Pedro tuvo una restauración privada y otra pública. En Lucas 24:34 se hace mención de su restauración privada y en Juan 21 nos es relatada su restauración pública. La evidencia clara de su restauración aparece en Hechos 2. Primeramente el Señor lo encuentra solo. Los detalles de este encuentro nadie más los sabe. Nada le aportaría a usted saber cómo el Señor se ocupó de mí cuando mi alma se alejó, y no me haría ningún bien a mí saber cómo el Señor se ocupó de usted. La manera en que Él se ocupa de cada uno de nosotros varía según nuestro estado interior y debe quedar en lo secreto. Un velo es puesto sobre la escena. Pero sabemos que Pedro fue realmente devuelto al Señor. ¿Cómo lo sabemos? Juan 21:7 da la respuesta. En esta ocasión, sus hermanos fueron más lentos que Pedro para llegar hasta el Señor. No esperó a que la barca llegase a la orilla; se echó al mar en su prisa por acercarse al Señor. Es como si dijera: Ocúpense de los peces, déjenme ir al Señor. Esta actitud me confirma que este hombre estaba restaurado.

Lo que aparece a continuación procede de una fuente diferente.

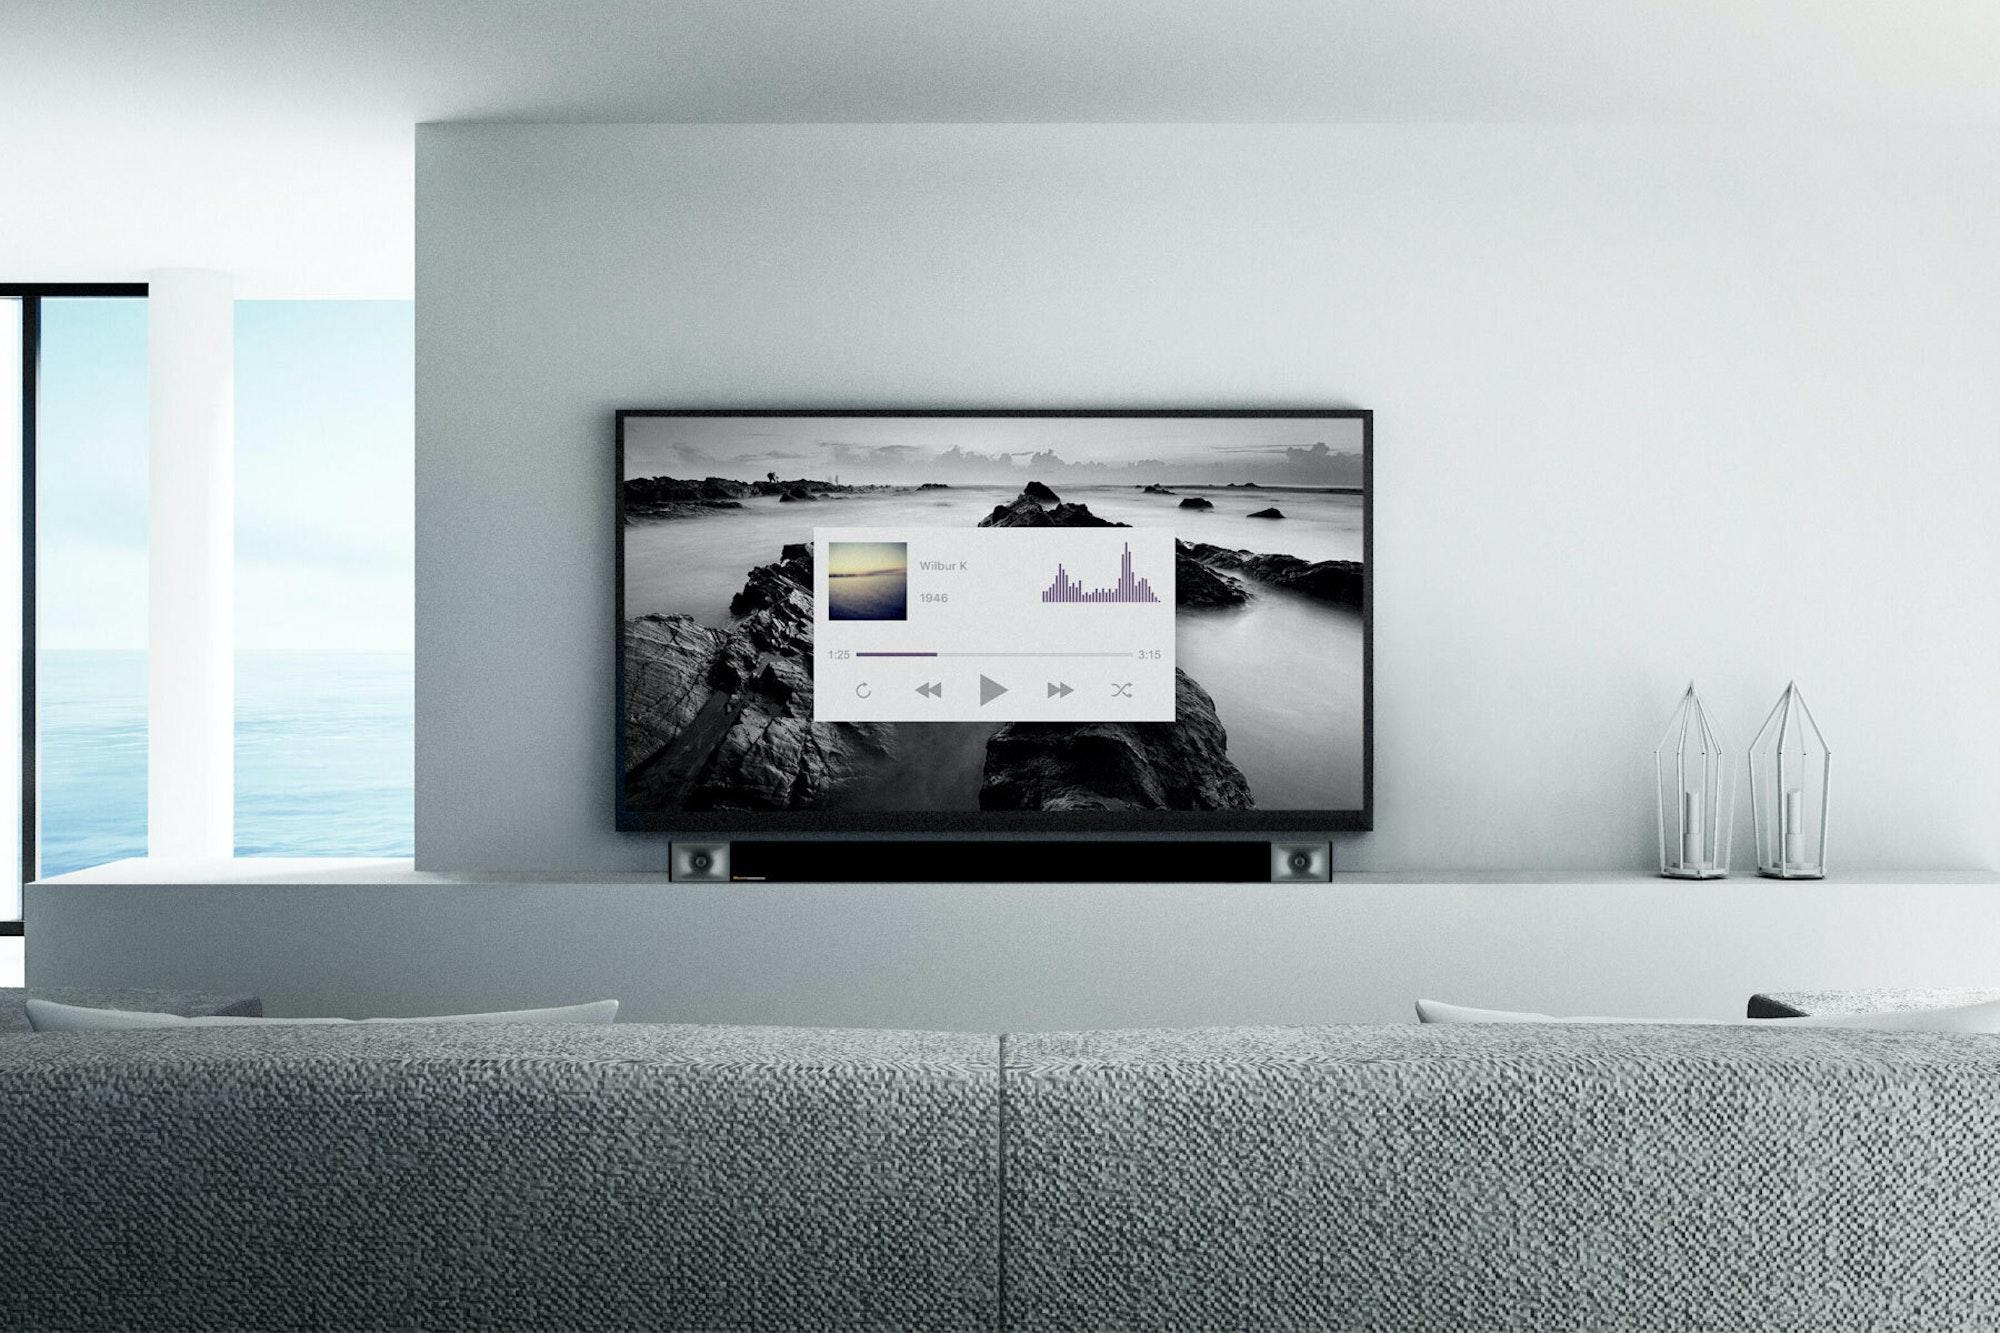 Klipsch cinema dolby atmos sound bar apartment below tv
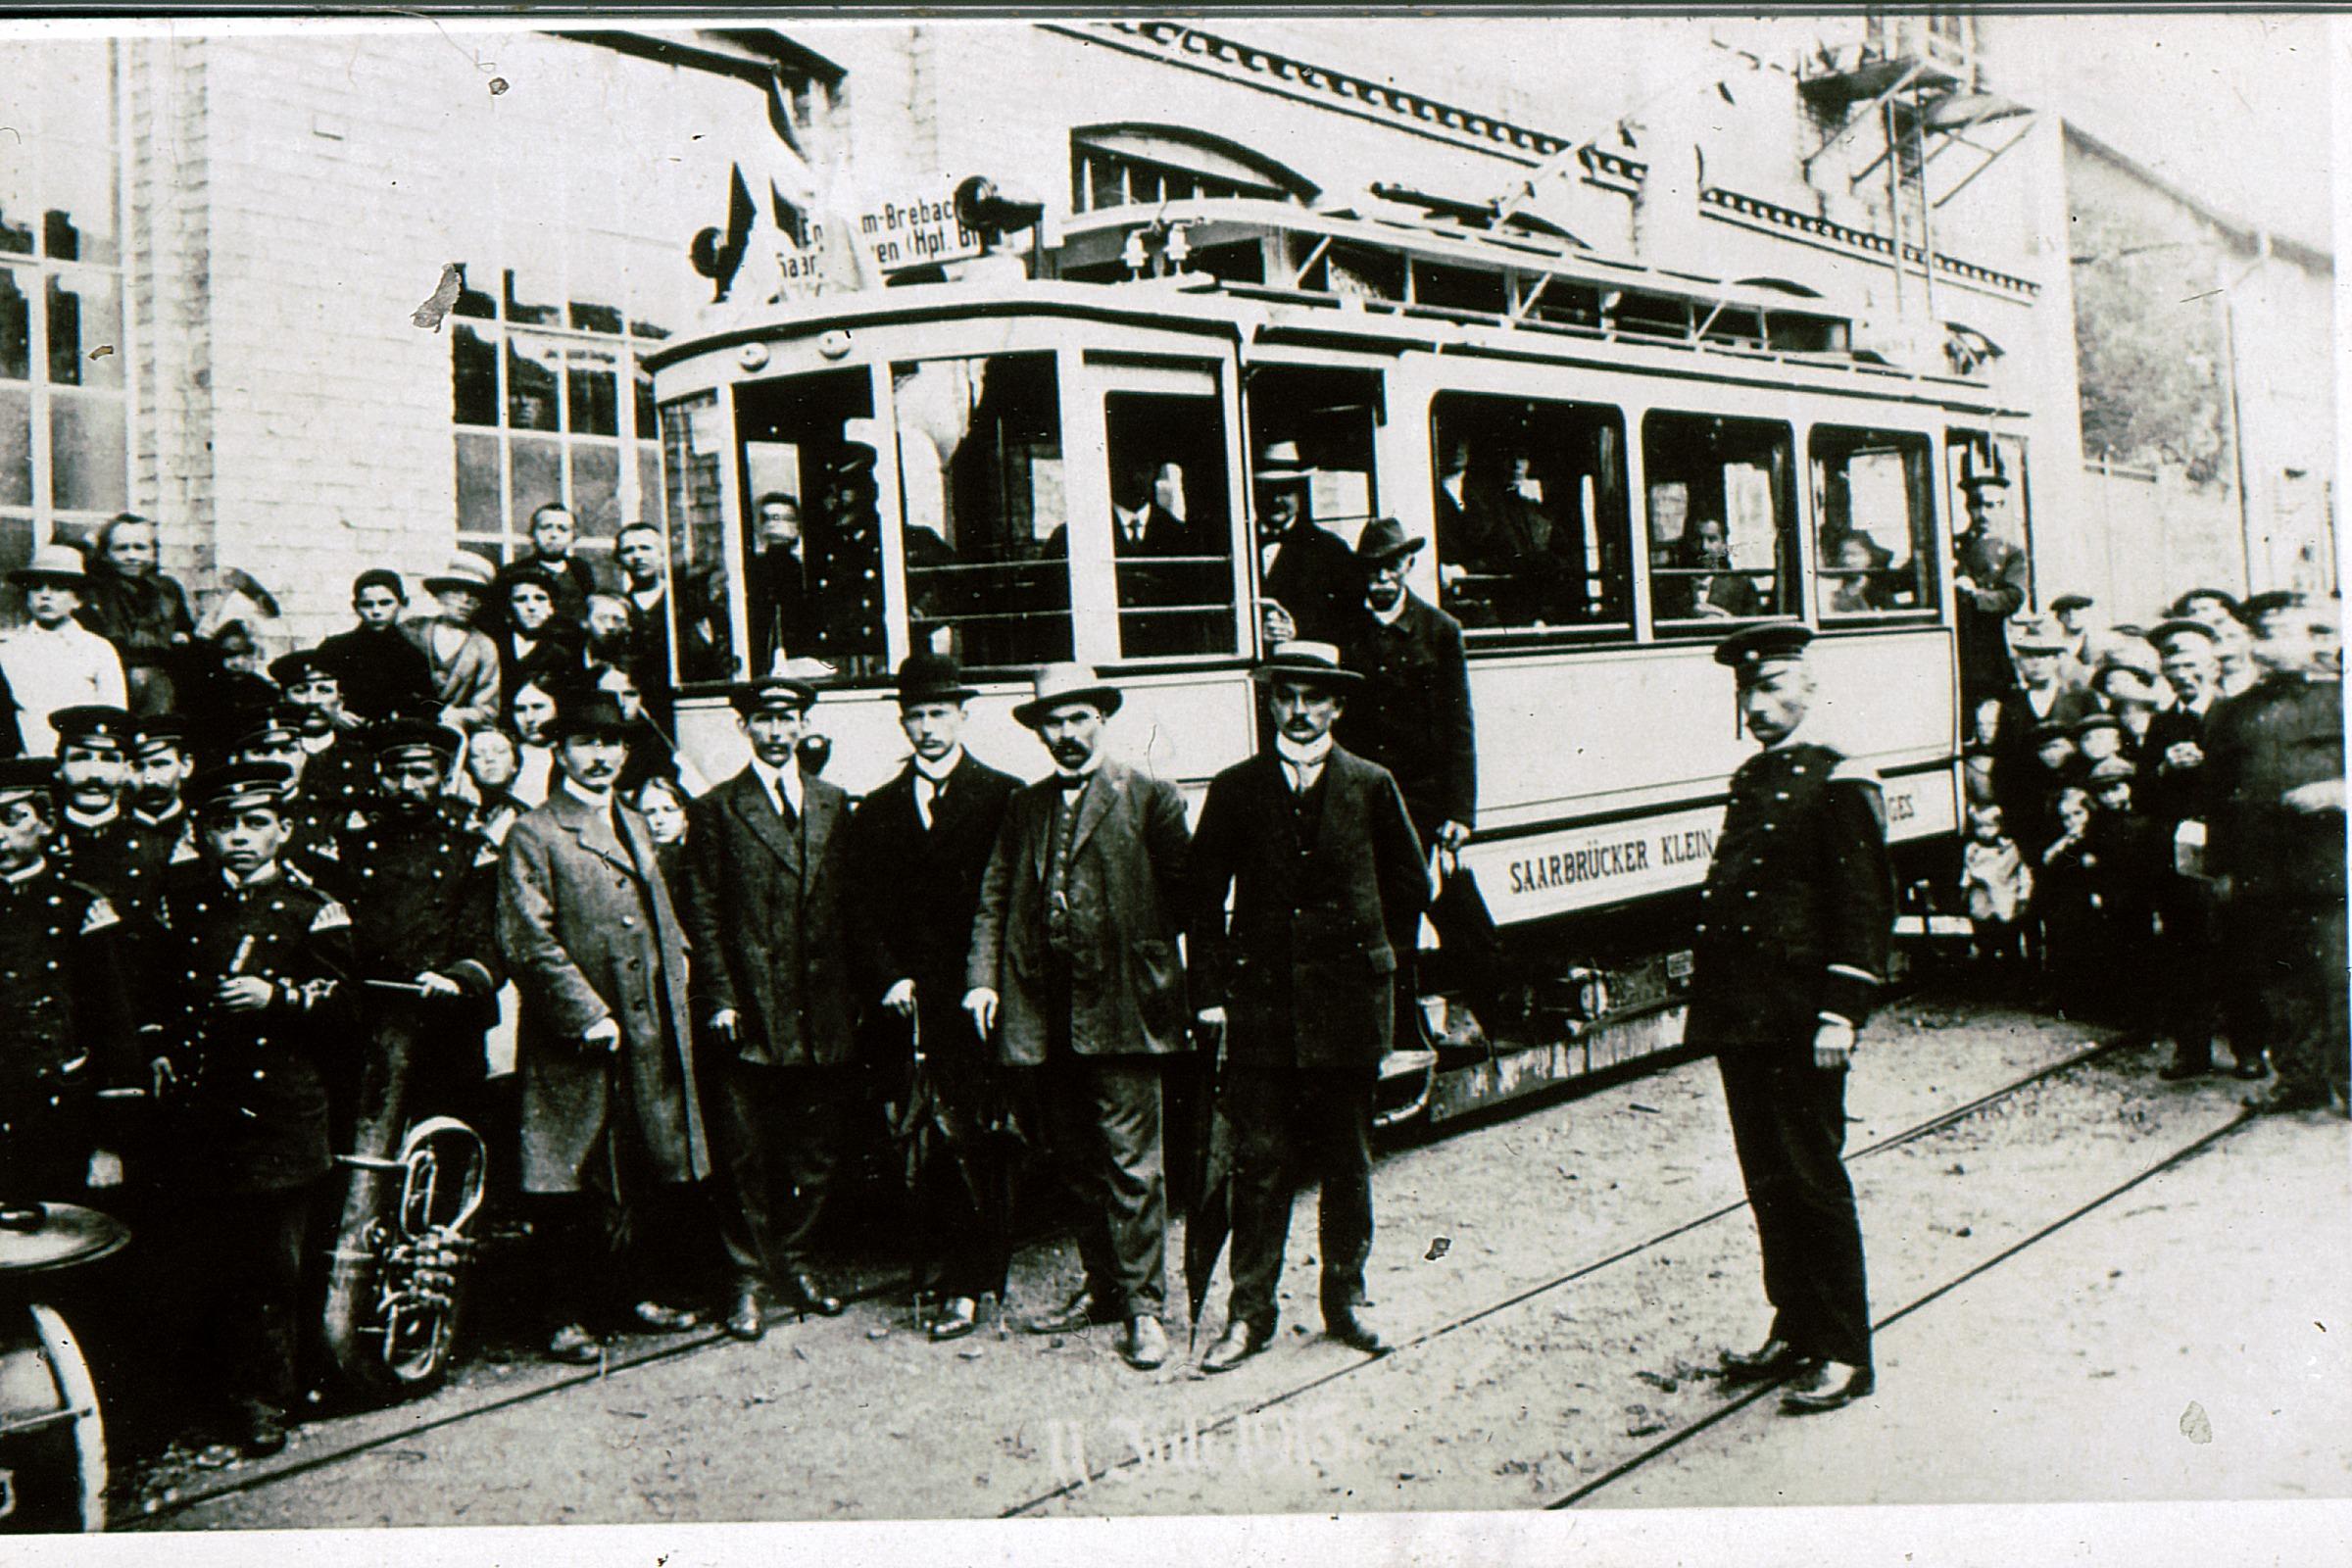 Einweihung der Straßenbahn 1913

Pero el Señor también lo restaura públicamente. Creo que no encontrarán nunca un creyente que verdaderamente hiciera bien a otro si no fuera primero vaciado de su propia confianza y quebrantado delante del Señor, en consecuencia verdaderamente en regla con el Señor. En esta condición el Señor podrá servirse de él. Vemos a un Pedro restaurado, gozando de la comunión y en compañía de los apóstoles en Juan 21, luego lo vemos en Hechos 2 que predica la Palabra y es empleado poderosamente por el Señor. Me imagino que, cuando el diablo vio a Pedro predicar como está relatado en el capítulo 2 de los Hechos, le habría gustado haberlo dejado en paz en el patio del sumo sacerdote. ¿Por qué? Porque el hecho de haber sido quebrantado lo había formado como siervo, y en la primera mitad de los Hechos oímos hablar mucho más de Pedro que de los demás discípulos. Había sido levantado y restaurado. En verdad ¡no hay nada como la gracia! La gracia nos salvó cuando éramos pecadores, y la gracia nos protegió y nos protege como creyentes. Y cuando lleguemos a la gloria, ¿qué veremos? ¿Qué diremos? ¡Que todo fue gracia!

Como consecuencia, cuanto más profundo es el sentimiento de la gracia del Señor en nuestras almas, más se regocijarán nuestros corazones en Él.